Hi, bioconductor members,
I have two questions here. The first one is basically about how to use narrow() to keep the wanted sequence in an efficient way. I have a read and corresponding cigar, a subset from my
GAlignments instance. I want to clip the insertion and soft-clip from the read so that I can find the type of mismatch between the read and the reference genome. (A similar question was asked here: Finding mismatches between reads and reference sequence. I have tried to use the code given by Herve there, but many of the functions are deprecated and I have to improvise. )
I start with a read with insertion:
cigar <- c("47M1I52M") qseq <- DNAStringSet(x="TTCAAATGTGAACAAGTGCTTTTCCCACAGCTATTGAAATAACCATATTTTTTTTCTTTTATTCAGTTAATGTGGTTAATTTCATTGTTTGGTTTTCTAA") clipping <- unlist(cigarRangesAlongQuerySpace(cigar, ops="M")) > clipping IRanges object with 2 ranges and 0 metadata columns: start end width <integer> <integer> <integer>  1 47 47  49 100 52
Then I want to keep the sequence from 1 to 47 and 49 to 100. I don't know how to do it efficiently, so I did it in a stupid way:
s1 <- narrow(qseq, start=1, end=47) s2 <- narrow(qseq, start=49, end=100) qseq <- DNAStringSet(x=paste0(s1, s2))
I don't understand why
narrow(qseq, start=start(clipping), end=end(clipping)) won't work. Tried to understand how solveUserSEW works and not really helping. Can you make a suggestion for a more robust way??
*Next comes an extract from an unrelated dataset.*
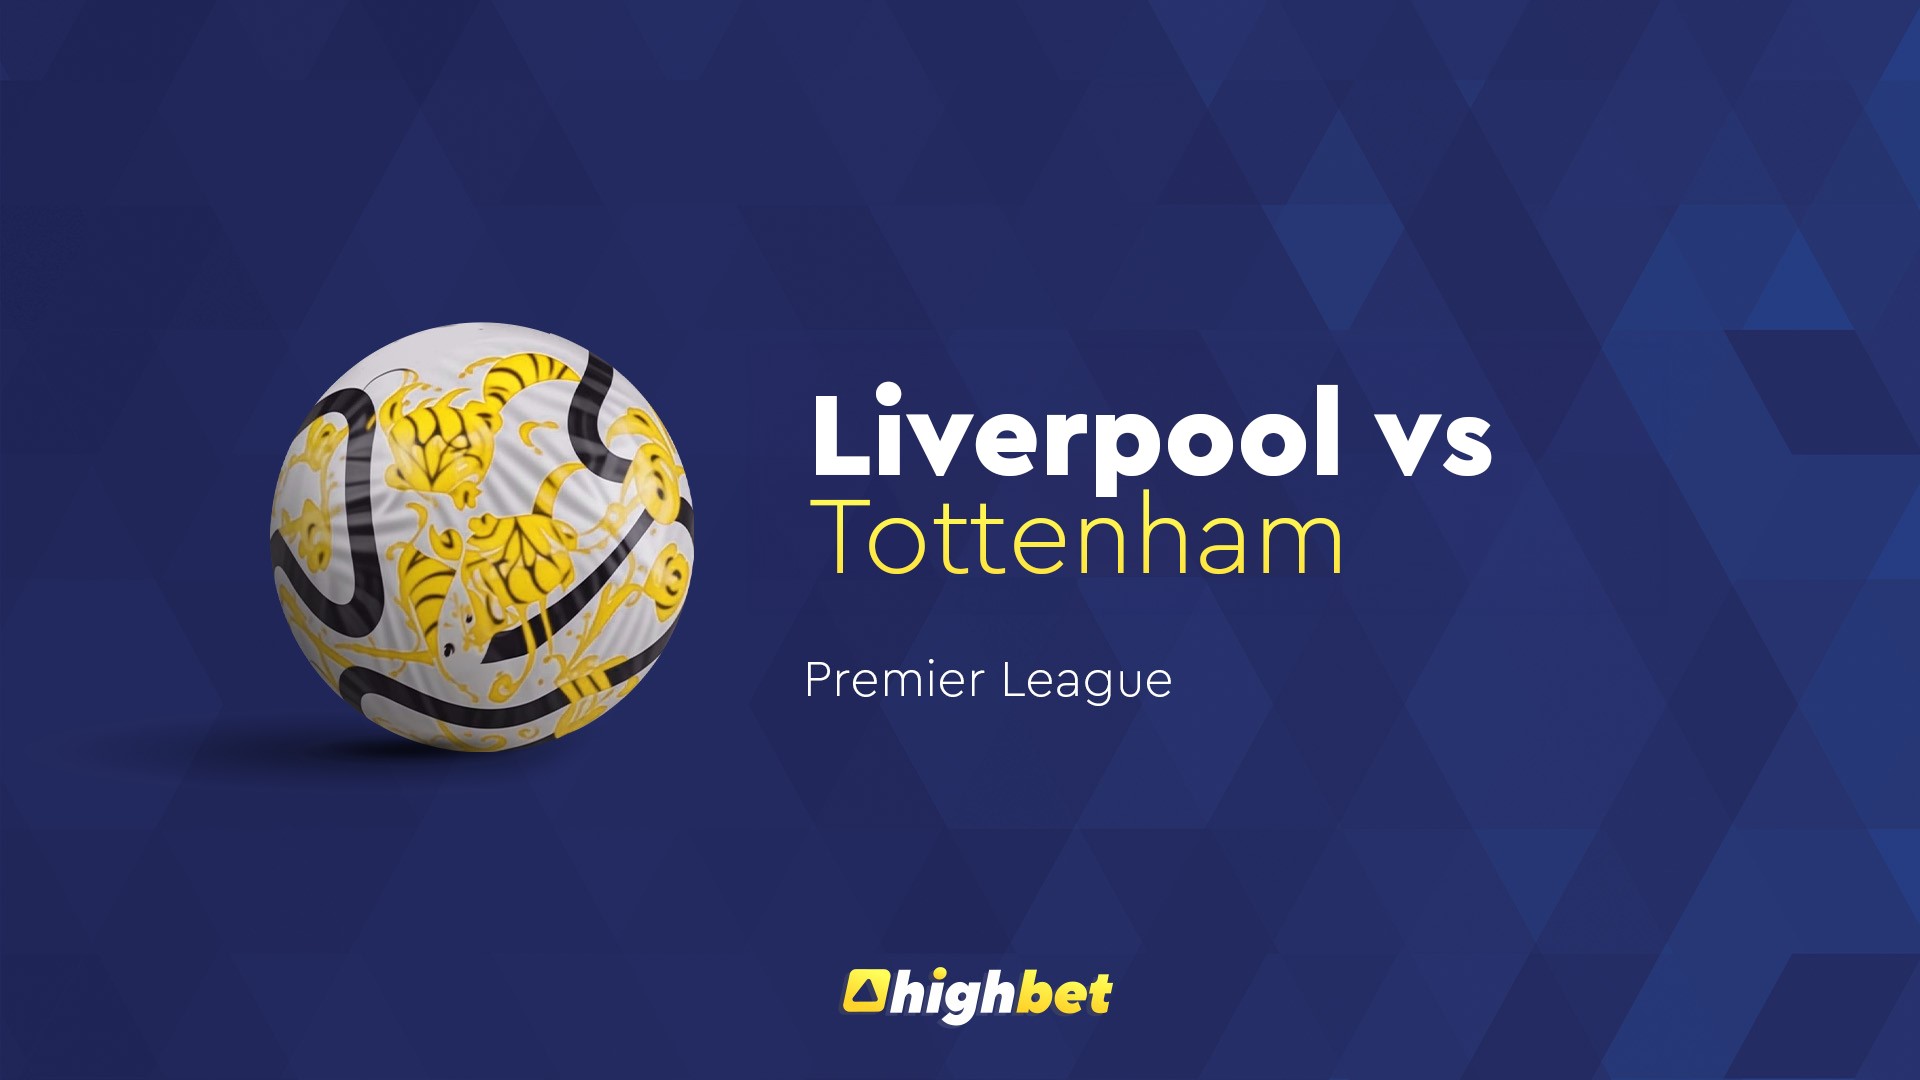 Liverpool vs Tottenham - Highbet Preview - Premier League Prediction

My goal is to find the A-G mismatch, which would suggest an A-I editing site, and ultimately finding the editing enriched region. So this is my first step to remove the soft-clip and insertion from the read sequence. To accomplish it, I just keep the range with CIGAR -OPS=M (
cigarRangesAlongQuerySpace(cigar, ops="M")). Does that make sense? Any flaws? Or is there any better way?